Oakmont’s greens tougher than Augusta: Schwartzel
By Mark Lamport-Stokes

By Mark Lamport-Stokes

OAKMONT, Pennsylvania (Reuters) – As a former Masters champion, Charl Schwartzel has conquered some of the toughest greens in golf but the South African rates this week’s U.S. Open venue as an even more brutal test.

While the putting surfaces at Augusta National, permanent home of the Masters, are renowned for their heavy contours and lightning-fast pace, Schwartzel says there are “many more variables” on the notorious greens at Oakmont Country Club.

“These greens are more difficult than at the Masters,” the world number 22 told Reuters after playing a practice round at par-70 Oakmont with fellow South Africans Louis Oosthuizen and Branden Grace on a sun-splashed Monday.

“Augusta has big slopes but they are gradual, almost constant in a way. Here you’ve got big slopes that have four breaks. The ball comes off a break and it will turn the other way and it will go back the other way and then down a hill.

“There are so many more variables here, so many slopes. To get speed right here is going to be so hard, and it’s going to be key this week.”

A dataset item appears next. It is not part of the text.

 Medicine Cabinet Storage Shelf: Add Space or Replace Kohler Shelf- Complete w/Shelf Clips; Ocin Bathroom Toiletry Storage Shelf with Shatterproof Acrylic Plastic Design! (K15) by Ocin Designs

Making the challenge even more daunting for the players this week is the tangly Oakmont rough, some of the deepest Schwartzel has ever seen.

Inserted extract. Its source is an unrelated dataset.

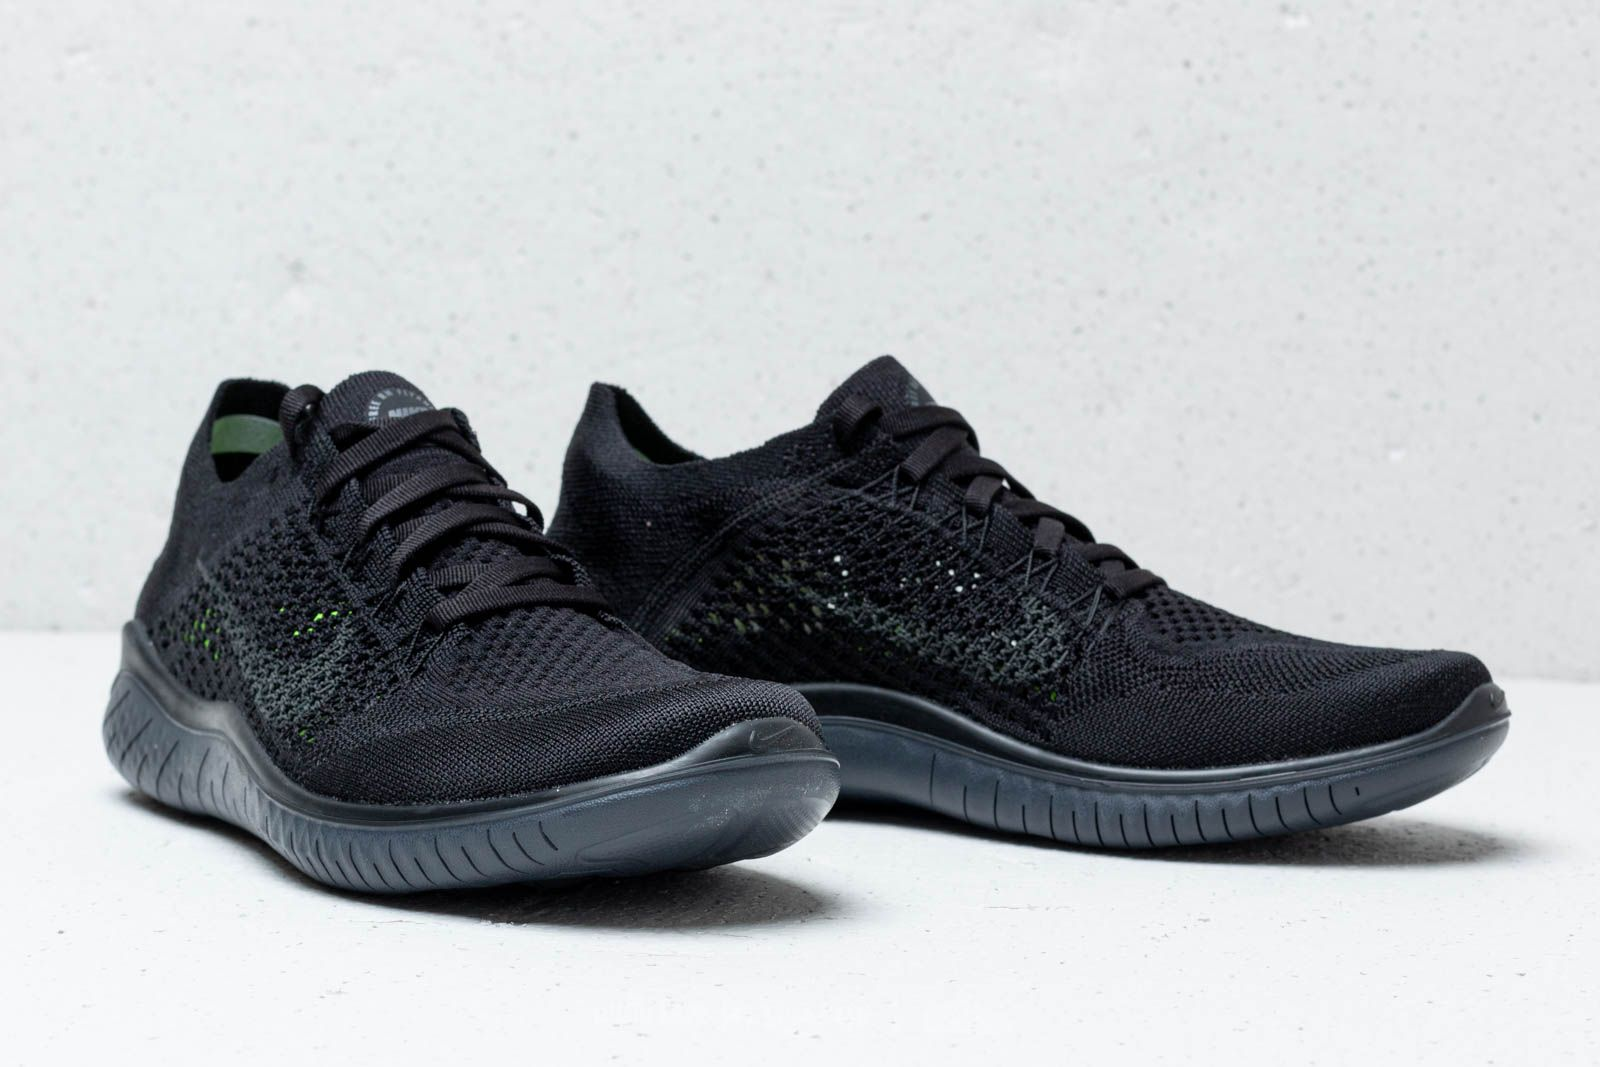 new style 2c256 7d05a Nike Wmns Free RN Flyknit 2018 Black  Anthracite a muy buen precio 129 €  comprar

“This rough is really, really, really juicy,” said the 31-year-old, who clinched his first major title at the 2011 Masters with a grandstand finish when he birdied the last four holes.

“The ball goes so down in this, you can get some lies where you can’t even see the ball when you stand over it. It’s just so, so, so severe.”

EMBRACING THE CHALLENGE

As difficult as Oakmont will be for a field of 156 players gathered for the year’s second major, Schwartzel says he will embrace the challenge.

“I like golf courses set up this way more than the ones where the guys can basically hit it anywhere and it becomes a little bit of a putting contest,” said Schwartzel, who won his second PGA Tour title at the Valspar Championship in March.

“This really, really shows the weakness in your game if there is anything, and it even shows the weakness in your mind, if there is anything like that too.

“I love the way you have to prepare for these events, not just on your game and mapping the course out, looking at it from different angles but also how you set goals for your mind-set for the week. It’s very different from what we normally play.”

Schwartzel, who tied for 30th when the U.S. Open was last held at Oakmont in 2007, is excited about his form coming into this week after a 2016 campaign highlighted by wins on both the PGA Tour and the European Tour.

“I’ve had a really good year,” said the South African, who landed his 11th European Tour victory at the Tshwane Open in his homeland in February.

“I feel like my game is in a lot better shape than it has been in the last few years. The last few weeks, I have played better every week.

“I made the most birdies at the Memorial out of everyone, I had 26 birdies,” said Schwartzel, referring to the Jack Nicklaus-hosted Memorial tournament earlier this month where he tied for 11th. “I feel very comfortable.”